#### EXERCISE GOAL:
Copy out every line of the data exactly; do not include the images.

#### STORED DATA:
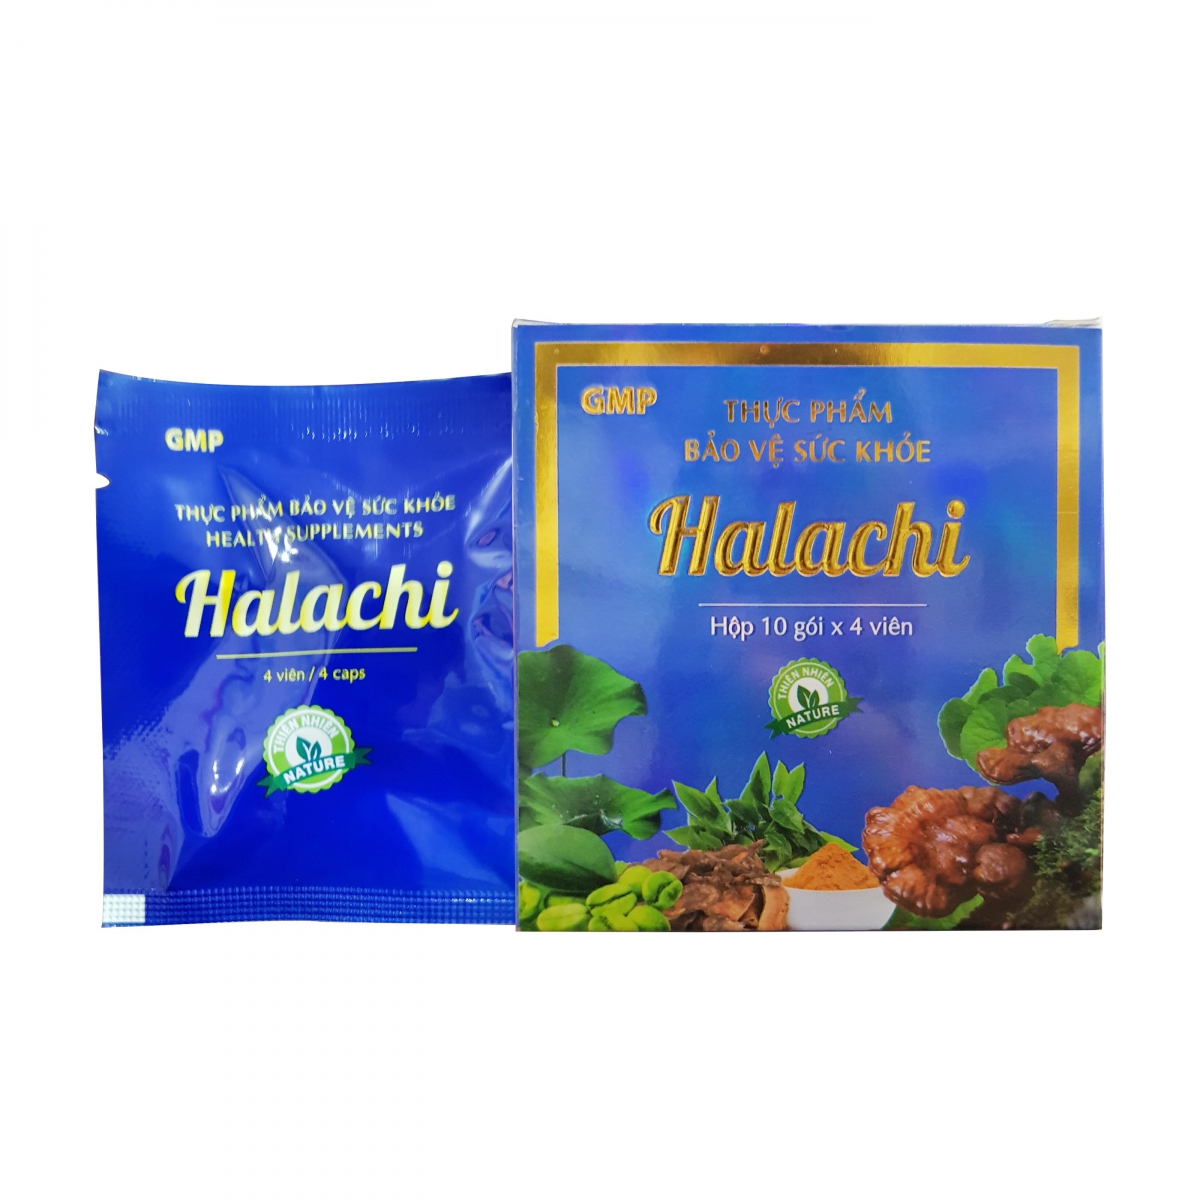 Giảm cân Halachi được bán tại Slimbody.vn
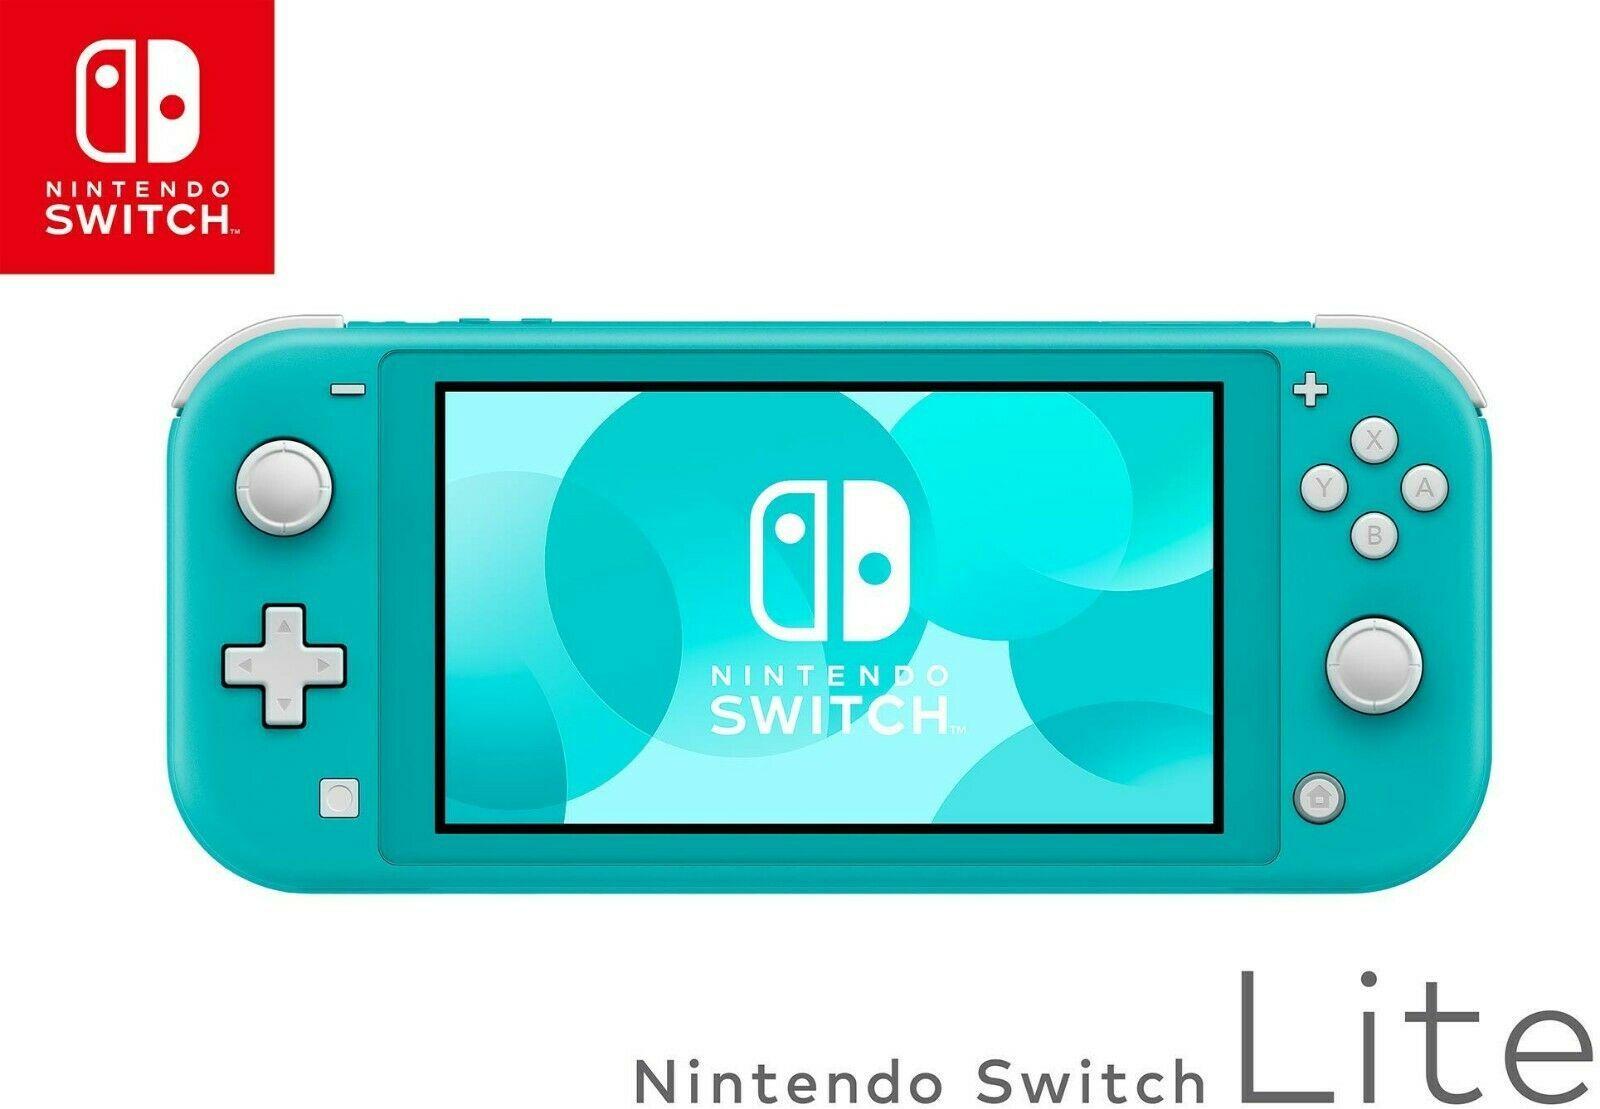 Details About Nintendo Switch Lite Compatible W All Nintendo Switch Games Optimized Nintendo Switch Nintendo Switch Games Nintendo Switch System
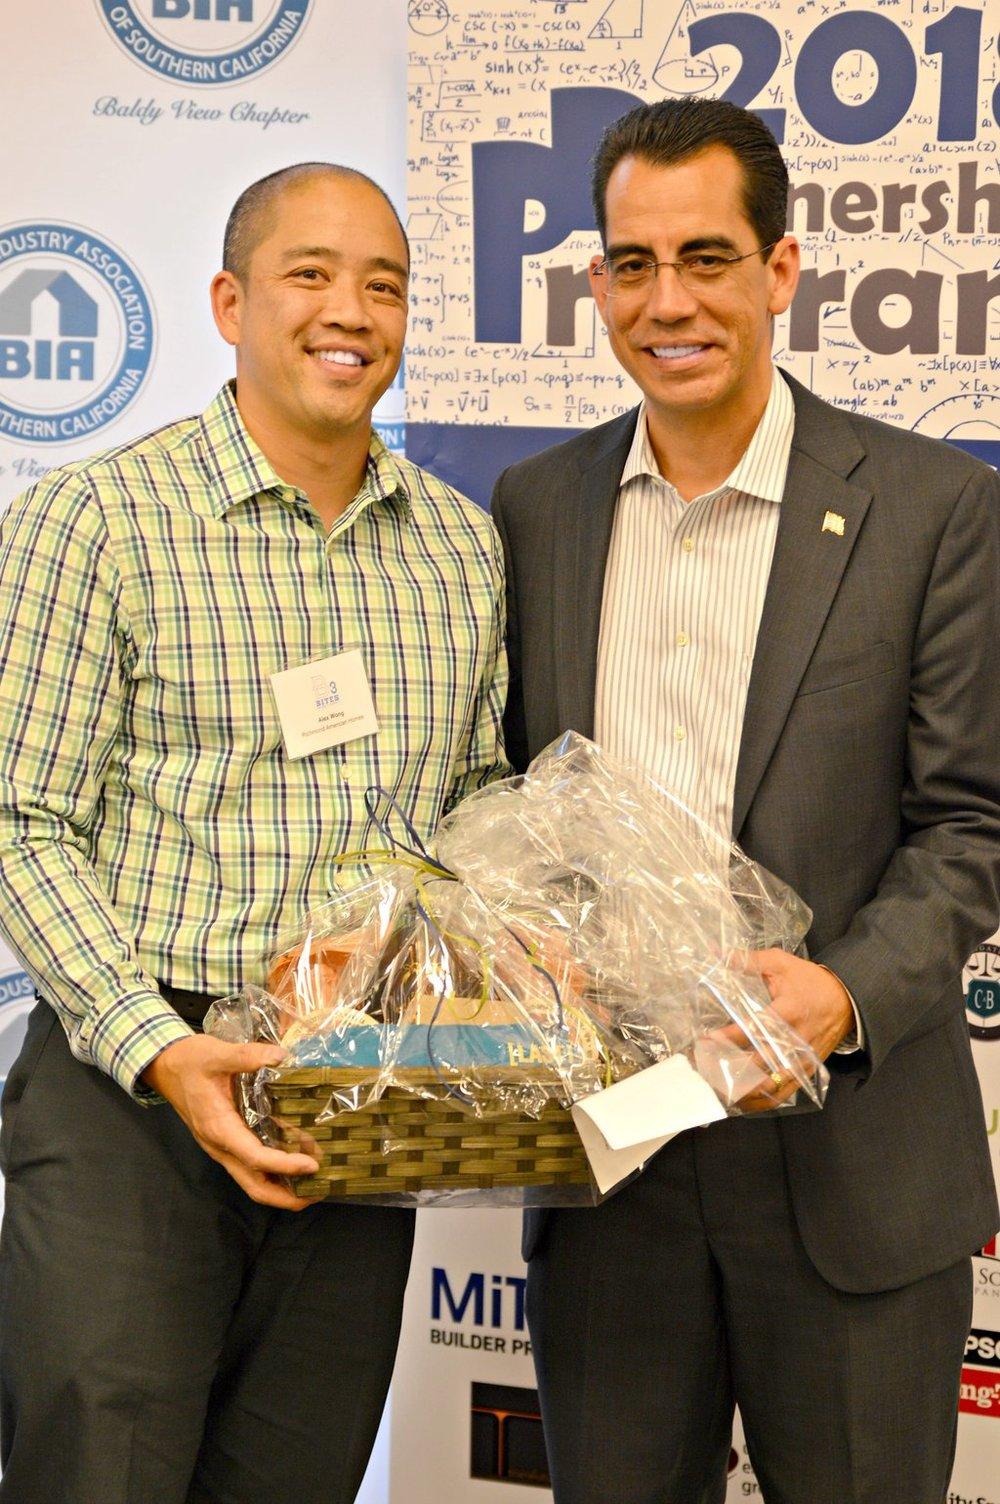 <b>ALEX WONG</b><br>Richmond American Homes<br>Last Name Brewing Basket

#### EXERCISE SOLUTION:
 Giảm cân Halachi được bán tại Slimbody.vn
 Details About Nintendo Switch Lite Compatible W All Nintendo Switch Games Optimized Nintendo Switch Nintendo Switch Games Nintendo Switch System
 <b>ALEX WONG</b><br>Richmond American Homes<br>Last Name Brewing Basket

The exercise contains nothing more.